• **THE PROBLEM**: When you reach the line in the data below that contains "Immagine composta da", please start repeating lines exactly, and stop after the line that contains "Interviu Centrul de", repeating nothing else.

• **PROVIDED DATA**:
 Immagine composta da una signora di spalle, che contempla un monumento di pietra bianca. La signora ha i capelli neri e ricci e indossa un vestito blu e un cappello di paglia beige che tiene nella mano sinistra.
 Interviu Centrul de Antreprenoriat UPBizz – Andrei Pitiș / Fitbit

==

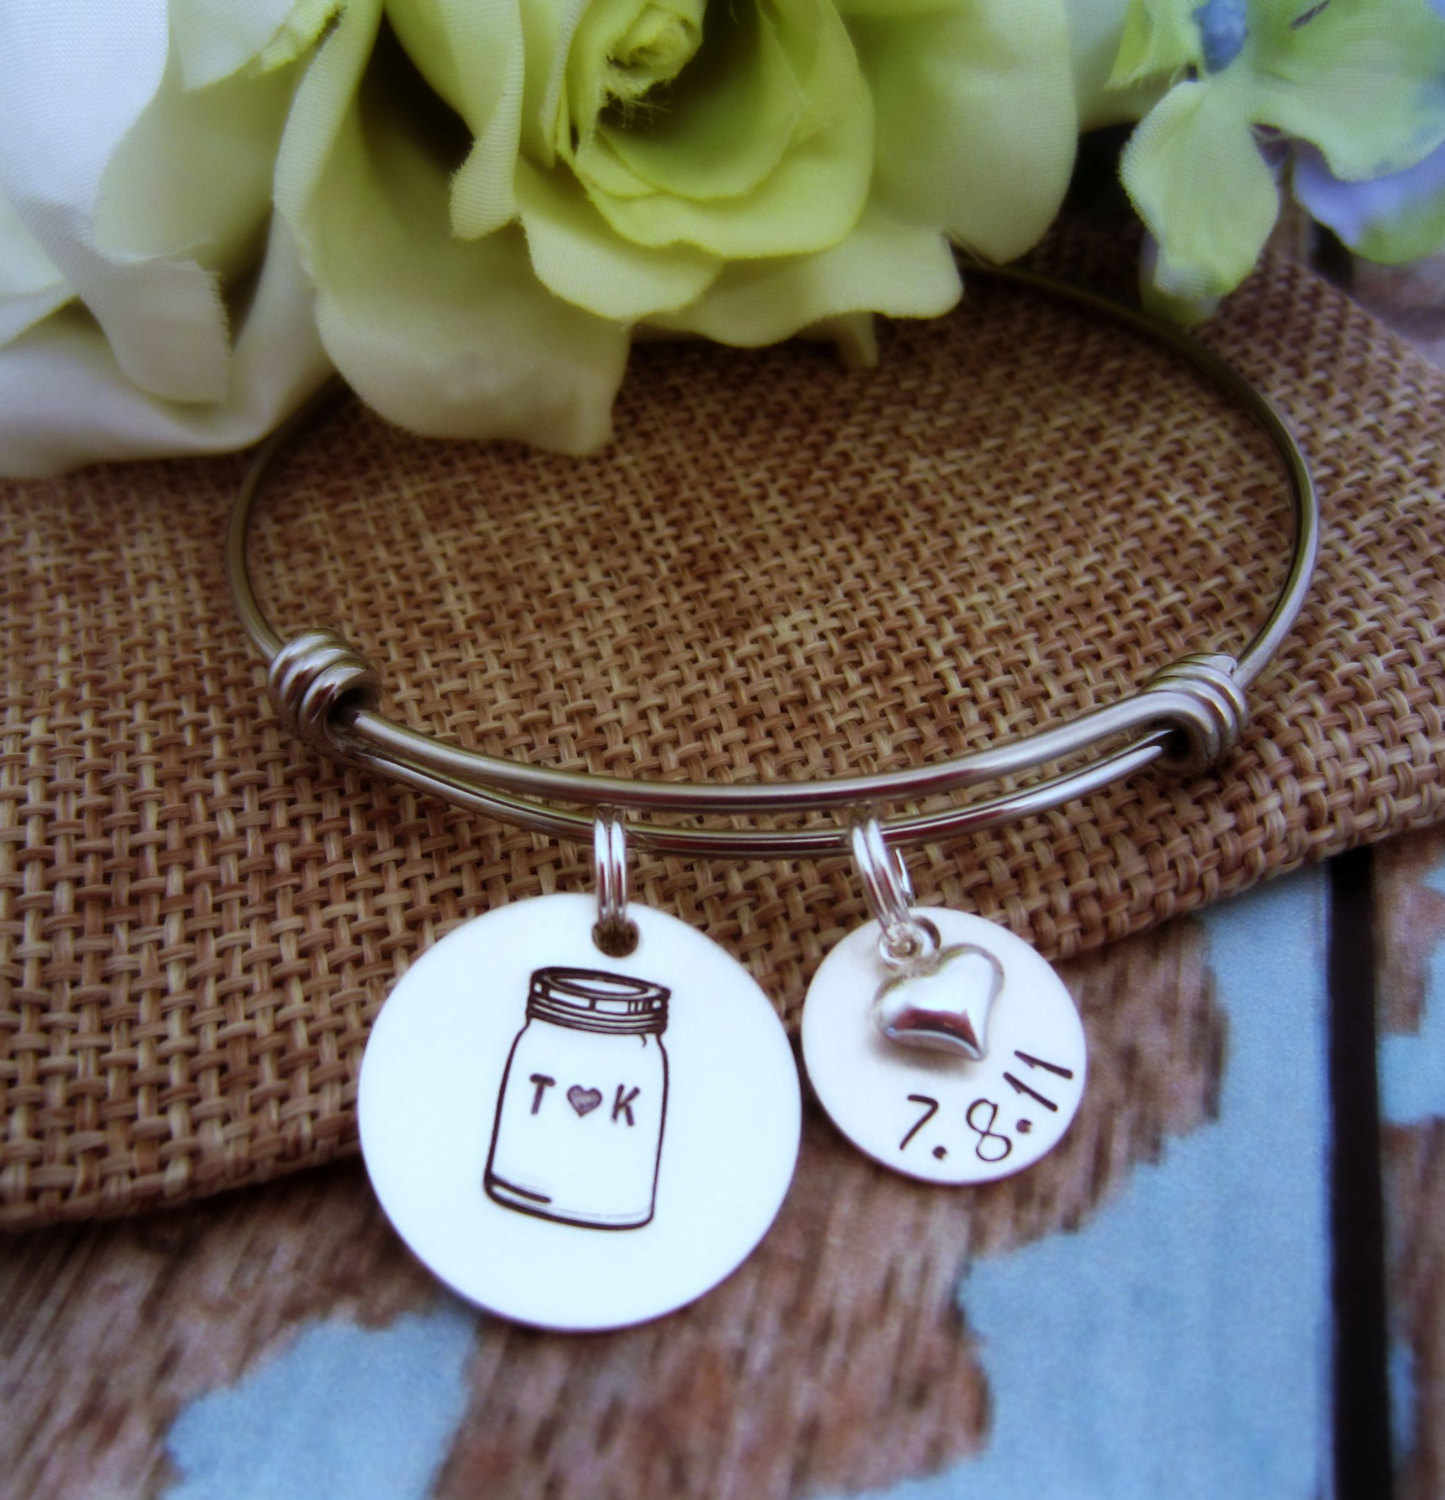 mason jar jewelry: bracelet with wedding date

* * *

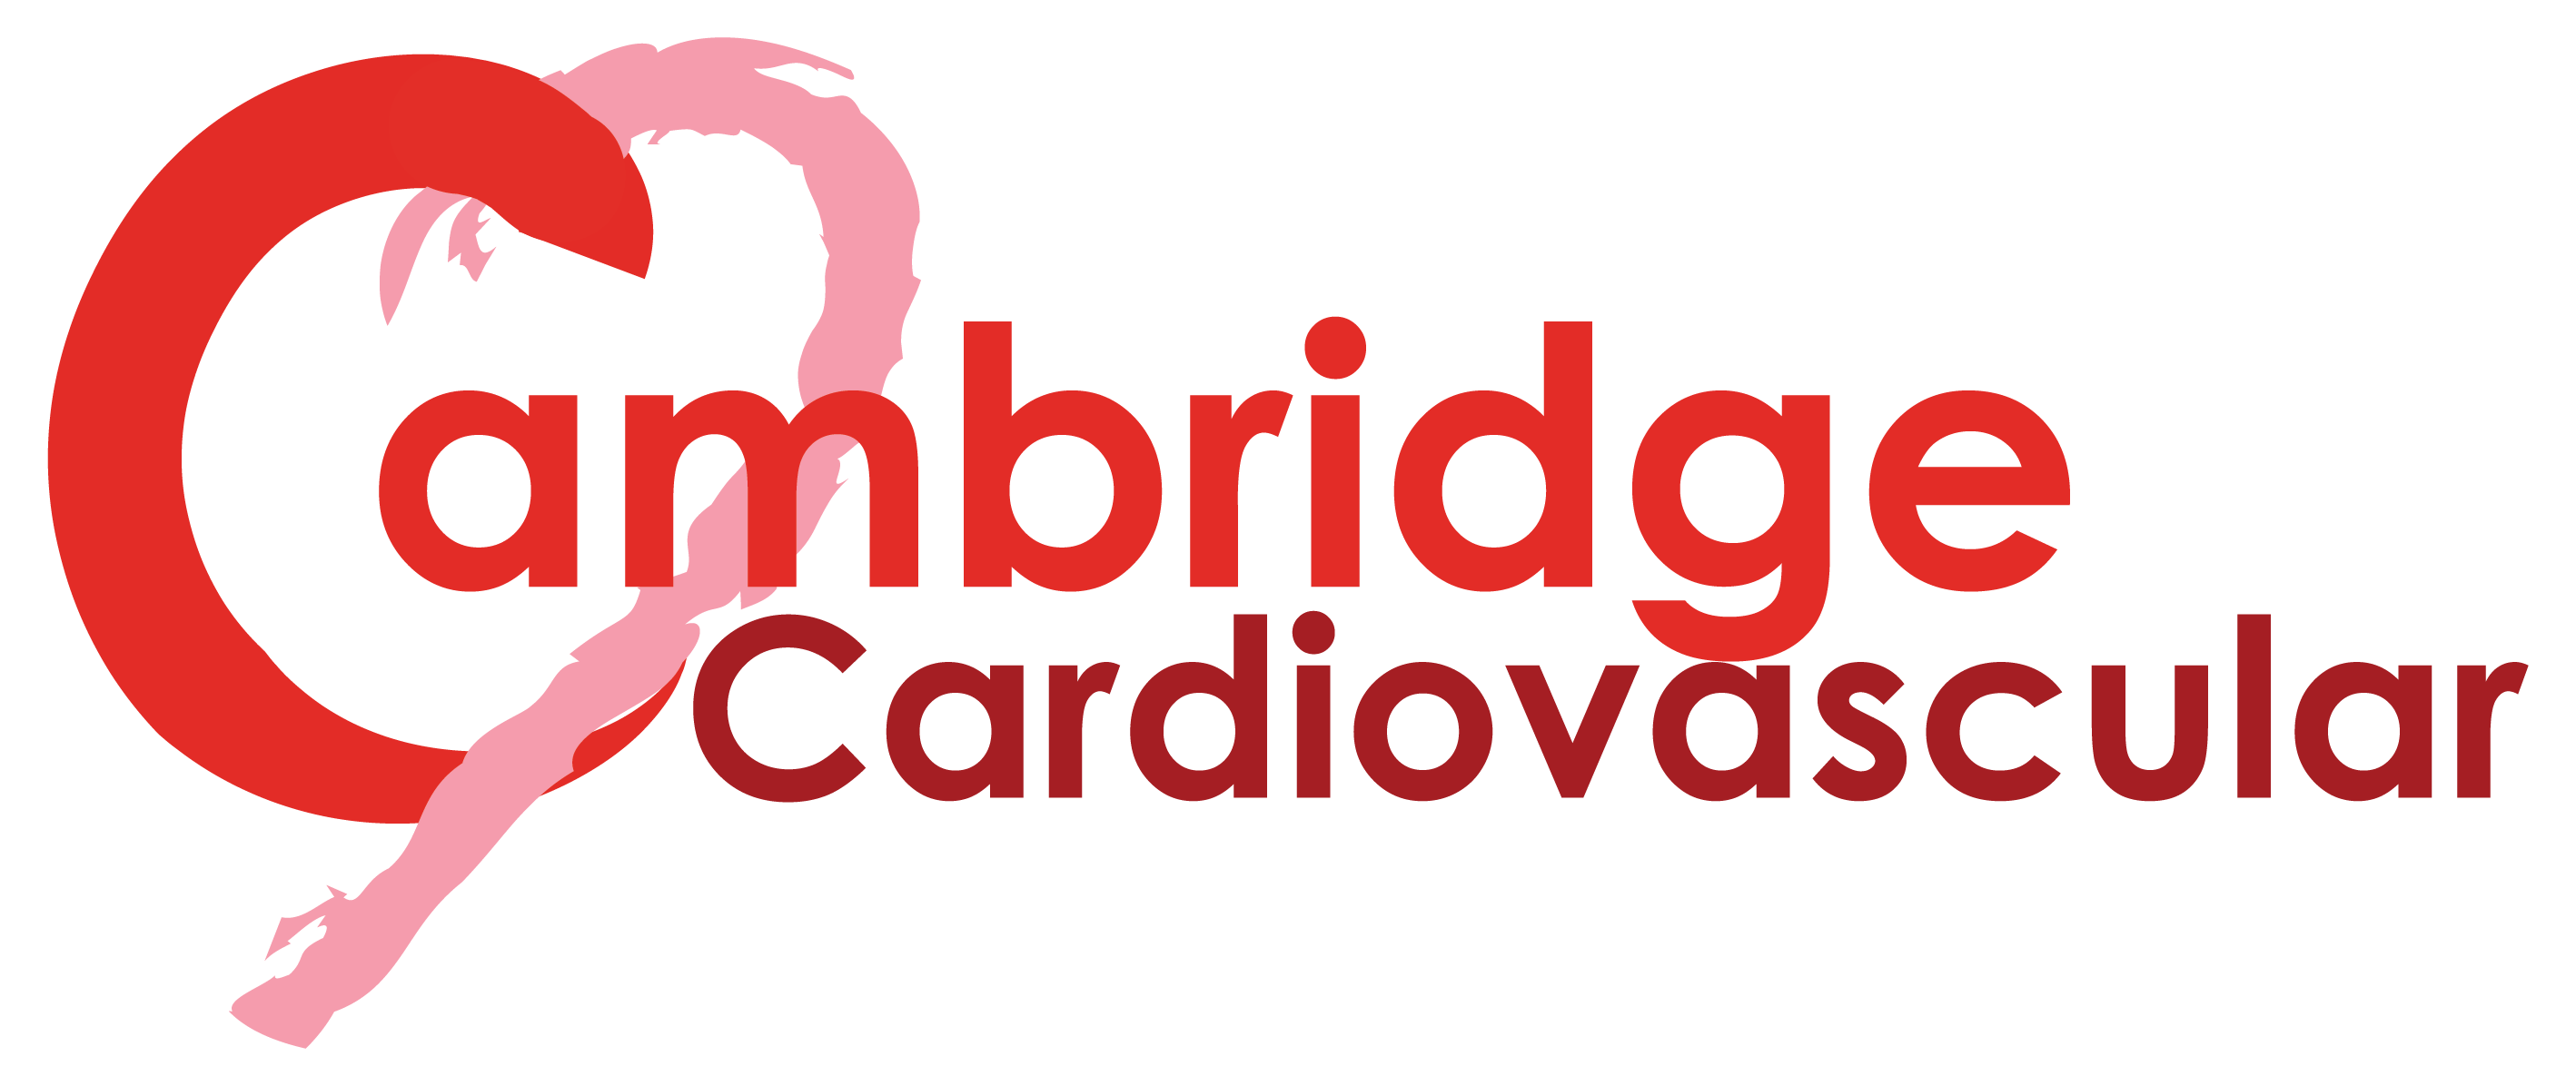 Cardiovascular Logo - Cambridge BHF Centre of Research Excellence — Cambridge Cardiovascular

• **REPLY**:
 Immagine composta da una signora di spalle, che contempla un monumento di pietra bianca. La signora ha i capelli neri e ricci e indossa un vestito blu e un cappello di paglia beige che tiene nella mano sinistra.
 Interviu Centrul de Antreprenoriat UPBizz – Andrei Pitiș / Fitbit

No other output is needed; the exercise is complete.